▸ **PROBLEM TO WORK ON**: Below are some entries. Repeat exactly the lines from the one with "French Home Laguiole" through the one with "Local firefighters returned", and only those.

### PROVIDED DATA ###

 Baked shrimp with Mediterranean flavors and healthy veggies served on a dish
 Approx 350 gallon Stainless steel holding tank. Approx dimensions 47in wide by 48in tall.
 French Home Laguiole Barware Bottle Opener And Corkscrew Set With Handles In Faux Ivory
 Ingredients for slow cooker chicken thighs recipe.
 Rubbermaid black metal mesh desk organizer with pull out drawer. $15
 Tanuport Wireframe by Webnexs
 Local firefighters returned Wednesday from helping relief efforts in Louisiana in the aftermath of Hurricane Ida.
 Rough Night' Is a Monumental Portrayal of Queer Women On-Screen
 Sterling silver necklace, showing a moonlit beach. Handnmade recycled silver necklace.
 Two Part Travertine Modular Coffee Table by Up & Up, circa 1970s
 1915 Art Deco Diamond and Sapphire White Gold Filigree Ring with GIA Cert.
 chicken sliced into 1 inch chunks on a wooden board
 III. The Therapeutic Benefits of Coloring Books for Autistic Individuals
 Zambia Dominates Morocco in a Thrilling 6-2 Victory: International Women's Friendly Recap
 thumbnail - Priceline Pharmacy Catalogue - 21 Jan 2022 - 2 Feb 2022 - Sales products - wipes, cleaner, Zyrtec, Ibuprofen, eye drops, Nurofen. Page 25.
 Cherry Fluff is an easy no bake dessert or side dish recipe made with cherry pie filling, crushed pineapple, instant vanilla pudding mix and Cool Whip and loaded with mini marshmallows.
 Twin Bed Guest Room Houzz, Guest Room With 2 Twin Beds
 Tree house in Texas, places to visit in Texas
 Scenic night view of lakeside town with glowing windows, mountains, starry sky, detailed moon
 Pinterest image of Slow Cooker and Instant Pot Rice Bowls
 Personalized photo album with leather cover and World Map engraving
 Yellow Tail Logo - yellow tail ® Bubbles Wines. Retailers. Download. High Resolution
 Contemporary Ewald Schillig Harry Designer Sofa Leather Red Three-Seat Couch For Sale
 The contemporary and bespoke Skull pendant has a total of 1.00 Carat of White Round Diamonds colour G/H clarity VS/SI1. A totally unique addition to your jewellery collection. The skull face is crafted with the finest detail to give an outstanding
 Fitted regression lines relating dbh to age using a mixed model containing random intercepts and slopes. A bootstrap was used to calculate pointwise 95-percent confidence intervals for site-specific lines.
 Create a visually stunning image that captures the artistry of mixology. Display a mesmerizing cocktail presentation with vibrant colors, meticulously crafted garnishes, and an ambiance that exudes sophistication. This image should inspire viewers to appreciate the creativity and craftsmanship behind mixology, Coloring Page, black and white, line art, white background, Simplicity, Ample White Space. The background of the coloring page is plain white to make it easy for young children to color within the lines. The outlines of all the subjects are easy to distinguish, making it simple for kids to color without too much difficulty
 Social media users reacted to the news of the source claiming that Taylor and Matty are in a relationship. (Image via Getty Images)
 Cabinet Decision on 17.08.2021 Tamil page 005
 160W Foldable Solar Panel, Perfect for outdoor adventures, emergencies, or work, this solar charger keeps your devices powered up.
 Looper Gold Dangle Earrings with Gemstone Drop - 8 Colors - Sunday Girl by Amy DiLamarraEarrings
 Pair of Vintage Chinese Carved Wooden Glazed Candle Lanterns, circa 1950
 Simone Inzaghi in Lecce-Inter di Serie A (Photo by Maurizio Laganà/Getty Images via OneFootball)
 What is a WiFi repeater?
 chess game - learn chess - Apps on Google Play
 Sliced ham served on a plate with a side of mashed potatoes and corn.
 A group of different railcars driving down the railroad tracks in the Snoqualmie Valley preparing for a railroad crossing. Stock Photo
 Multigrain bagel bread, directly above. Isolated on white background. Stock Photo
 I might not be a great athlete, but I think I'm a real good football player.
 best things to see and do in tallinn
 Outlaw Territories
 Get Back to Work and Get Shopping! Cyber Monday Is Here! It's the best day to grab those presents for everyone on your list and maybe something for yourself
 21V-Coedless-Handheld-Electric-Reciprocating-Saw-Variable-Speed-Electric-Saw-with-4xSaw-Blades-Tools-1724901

###

▸ **SOLUTION TO THIS TASK**:
 French Home Laguiole Barware Bottle Opener And Corkscrew Set With Handles In Faux Ivory
 Ingredients for slow cooker chicken thighs recipe.
 Rubbermaid black metal mesh desk organizer with pull out drawer. $15
 Tanuport Wireframe by Webnexs
 Local firefighters returned Wednesday from helping relief efforts in Louisiana in the aftermath of Hurricane Ida.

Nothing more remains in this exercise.